Recently, a novel regulatory mechanism of RNA, competing endogenous RNAs (ceRNAs) have been proposed. This notion indicates that RNAs can crosstalk with each other through competing shared for miRNAs and thereby modulating the bioavailability of miRNAs on their targets and imposing another level of posttranscriptional regulation [22, 23]. We thus explored the potential of MALAT1 exerting functions through targeting miRNAs. We performed a search for miRNAs that had complementary base pairing with MALAT1. Through our preliminary studies, we found miR-124 is a highly possible target of MALAT1 since it showed a negative expression trend to MALAT1 in the tumor tissues from the patients.
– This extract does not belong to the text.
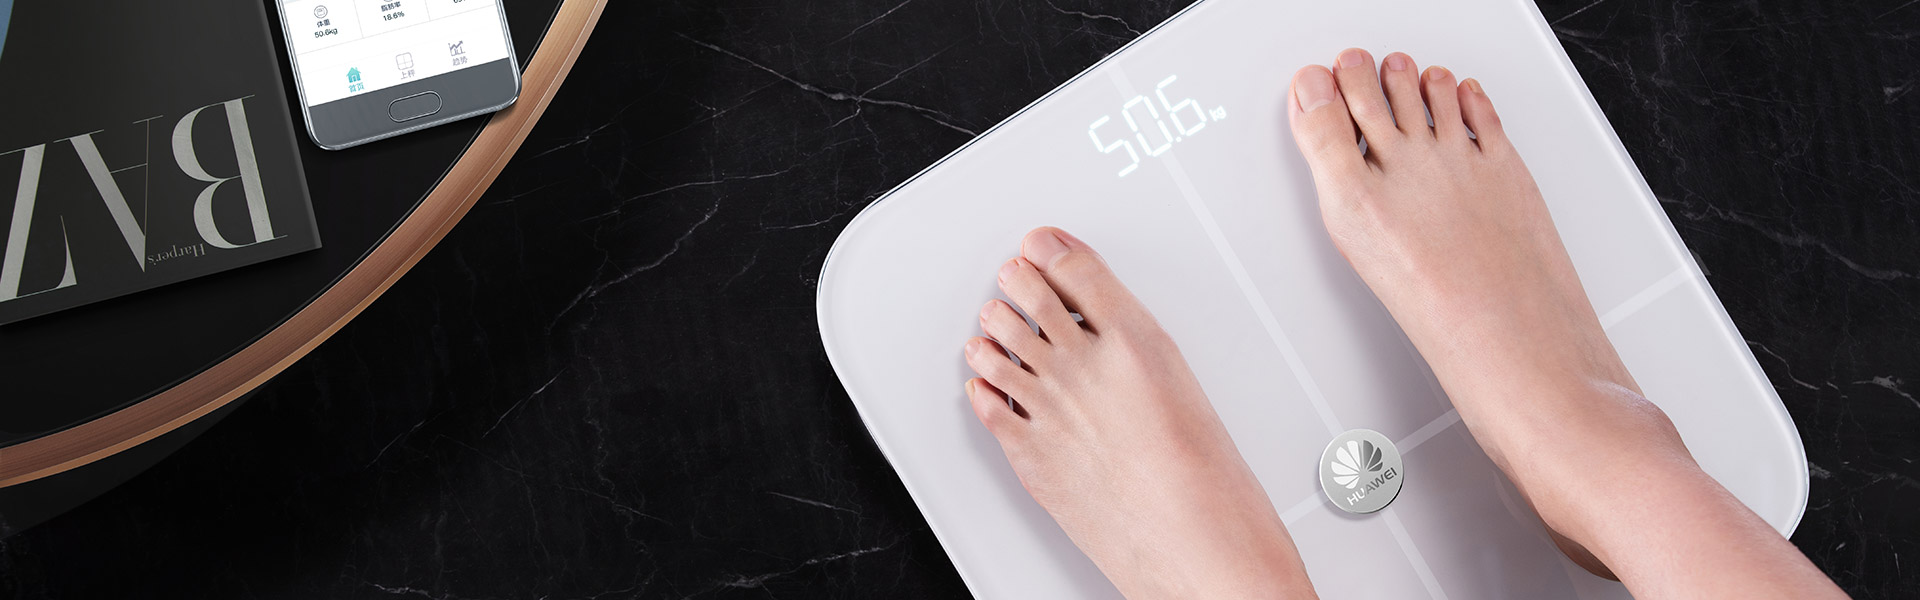 View Body Weight & Fat Offline

MiR-124 is a tumor suppressor in several types of cancer, including hepatocellular [11], gastric [12], hematological [24], and cervical cancer [13]. In cervical cancer, miR-124 can repress vasculogenic mimicry, migration, and invasion in HeLa and C33A cells by targeting AmotL1 [13]. Ectopic hsa-miR-124 expression in SiHa and CaSki cells can decrease proliferation rates and migratory capacity [15]. Low miR-124 expression in cervical cancer might be a result of multiple causes. Based on available evidences, methylation-mediated silencing and SNP are two important causes [14, 15]. We decided to study whether ceRNA is a mechanism of its downregulation. Our bioinformatics study showed that MALAT1 has two putative binding sites with miR-124. Knockdown of MALAT1 increased the expression of miRNA-124, while ectopic expression of miR-124 decreased MALAT1 expression. Therefore, there is a reciprocal interaction between MALAT1 and miR-124. Knockdown of MALAT1 can inhibit cell growth and invasion and increase cell apoptosis. MALAT1 knockdown and miR-124 overexpression simultaneously had some level of enhanced effect. Therefore, our study suggests that MALAT1 may promote tumor development through “spongeing” miRNA-124.
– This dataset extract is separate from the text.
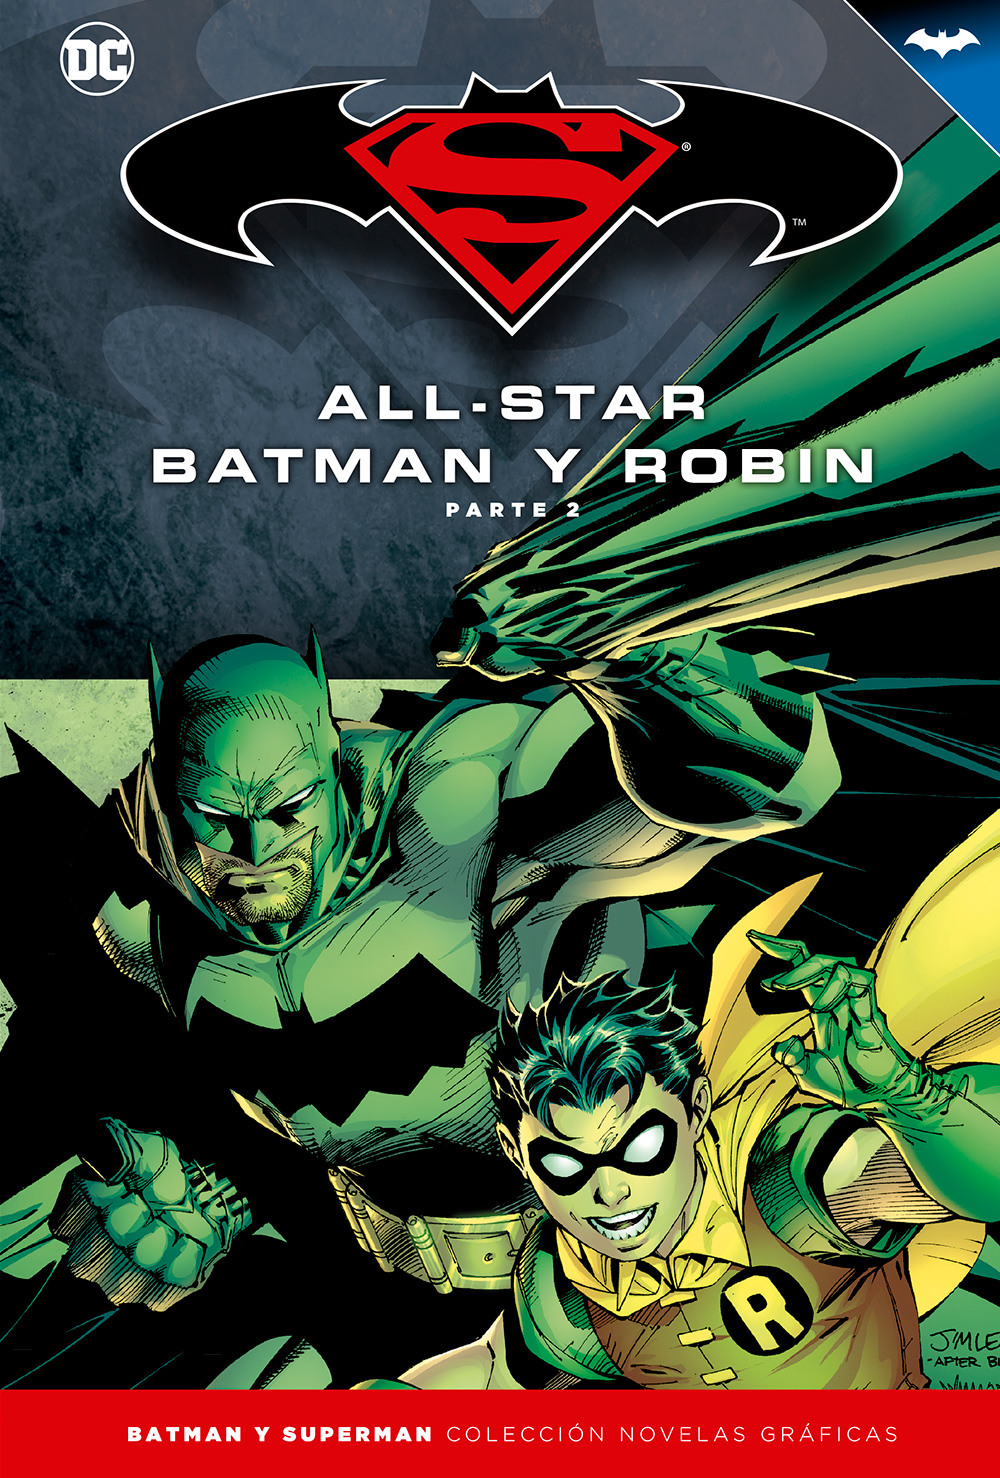 347 - [DC - Salvat] Batman y Superman: Colección Novelas Gráficas - Página 3 Portada_BMSM_3_AllStarBatman2

A miRNA usually has multiple targets. Besides amotL1, we tried to explore whether there are other targets of miR-124 in cervical cancer. Growth factor receptor-bound protein 2 also known as GRB2 is an adaptor protein involved in signal transduction/cell communication [25]. HPV-16 infection is a cause of significantly increased GRB2 expression in cervical cancer, of which is involved in enhanced EGFR internalization and mTORC1 activation [26] and KGFR/FGFR2b-mediated epithelial growth [27]. In the present study, we verified a direct interaction between miR-124 and 3′UTR of GRB2. Therefore, MALAT1 can indirectly modulate GRB2 expression via competing miR-124. Knockdown of GRB2 reduced cell invasion and increased cell apoptosis. Due to the length of lncRNA, it is highly possible that one lncRNA can modulate the expression of multiple miRNAs. Therefore, although this study identified the role of MALAT1-miR-124-RBG2 axis in cervical cancer, it is difficult to ascribe the function of an lncRNA or a miRNA to a single target. We cannot preclude the possibility of functional contributions by other MALAT1 or miR-124 targets.

In conclusion, MALAT1 can promote HR-HPV (+) cancer cell growth and invasion at least partially through MALAT1-miR-124-RBG2 axis. This finding might provide some useful evidence about the lncRNA interaction regulatory network in tumorigenesis cervical cancer.